Outra possibilidade é a utilização de uma configuração de três lugares, inspirada no concept Theory 1 apresentado em 2024. Tal como no McLaren F1, o condutor ficaria sentado ao centro, solução que permitiria também simplificar a produção ao eliminar a necessidade de diferentes configurações de condução para mercados com volante à esquerda ou à direita.

V8 acima dos 1000 CV, V6 para reduzir custos

Apesar do destaque dado ao V8, o Type 135 poderá também receber um motor V6 híbrido. Esta unidade deverá ser utilizada no futuro sucessor do Emira e é desenvolvida pela Horse Powertrain, empresa criada pela Geely e pela Renault.
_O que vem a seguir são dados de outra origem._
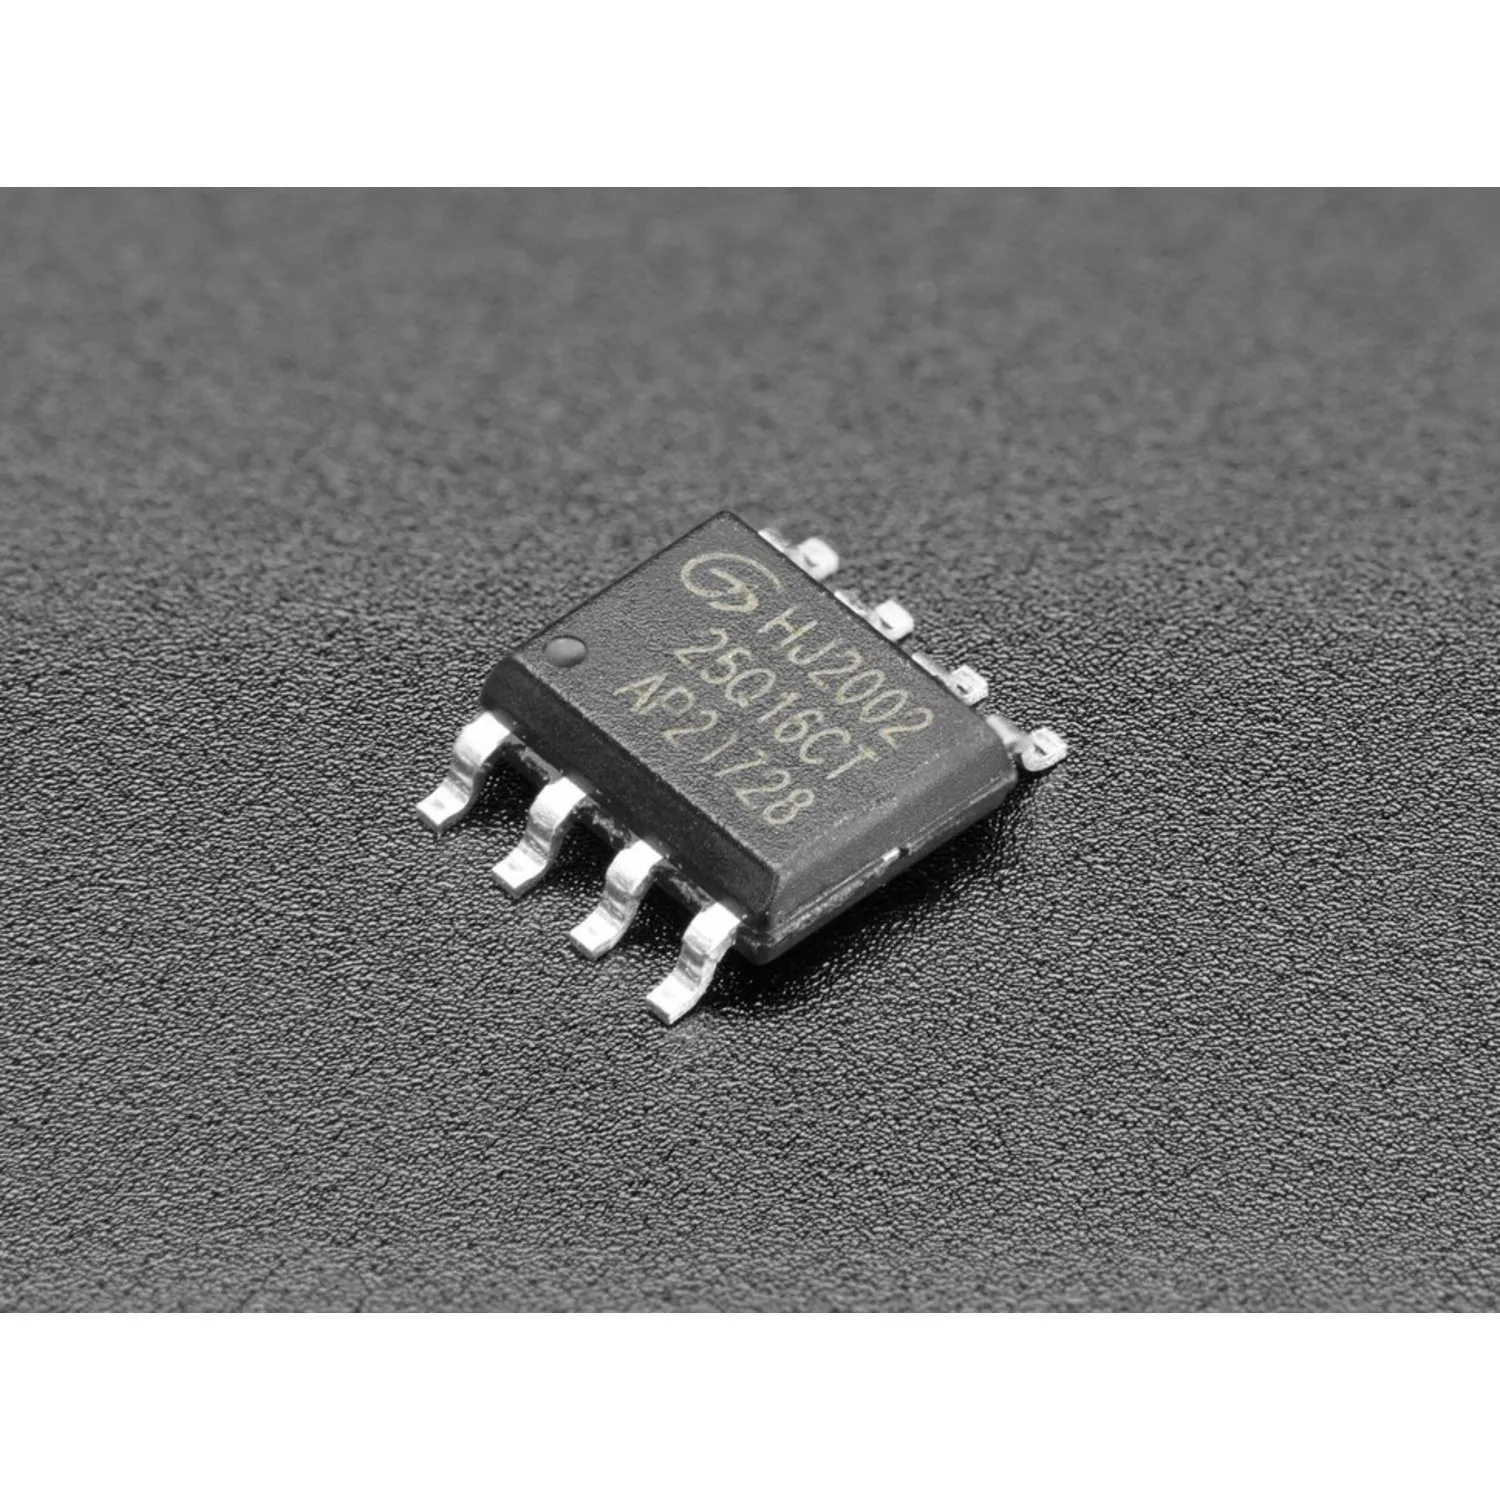 Photo of GD25Q16 - 2MB SPI Flash in 8-Pin SOIC package

O V6 pesa cerca de 160 kg e poderá oferecer entre 476 e 544 cv, dependendo da configuração. A sua utilização no Type 135 permitiria criar uma versão menos extrema e potencialmente mais acessível.

Na versão V8, a Lotus pretende manter uma das suas principais características: baixo peso. O objetivo interno será colocar o carro perto dos 1500 kg, apesar da complexidade de combinar um V8, sistema híbrido, bateria e arquitetura de 800 V.

Para ajudar a cumprir essa meta, a Lotus poderá recorrer a um motor elétrico extremamente compacto, com tecnologia inspirada na Fórmula 1, pesando menos de 20 kg.

O Type 135 deverá assim posicionar-se entre o Emira e o elétrico Evija, numa aposta que representa uma mudança significativa na estratégia da Lotus e que promete devolver à marca um superdesportivo de combustão capaz de rivalizar com os modelos mais potentes do mercado.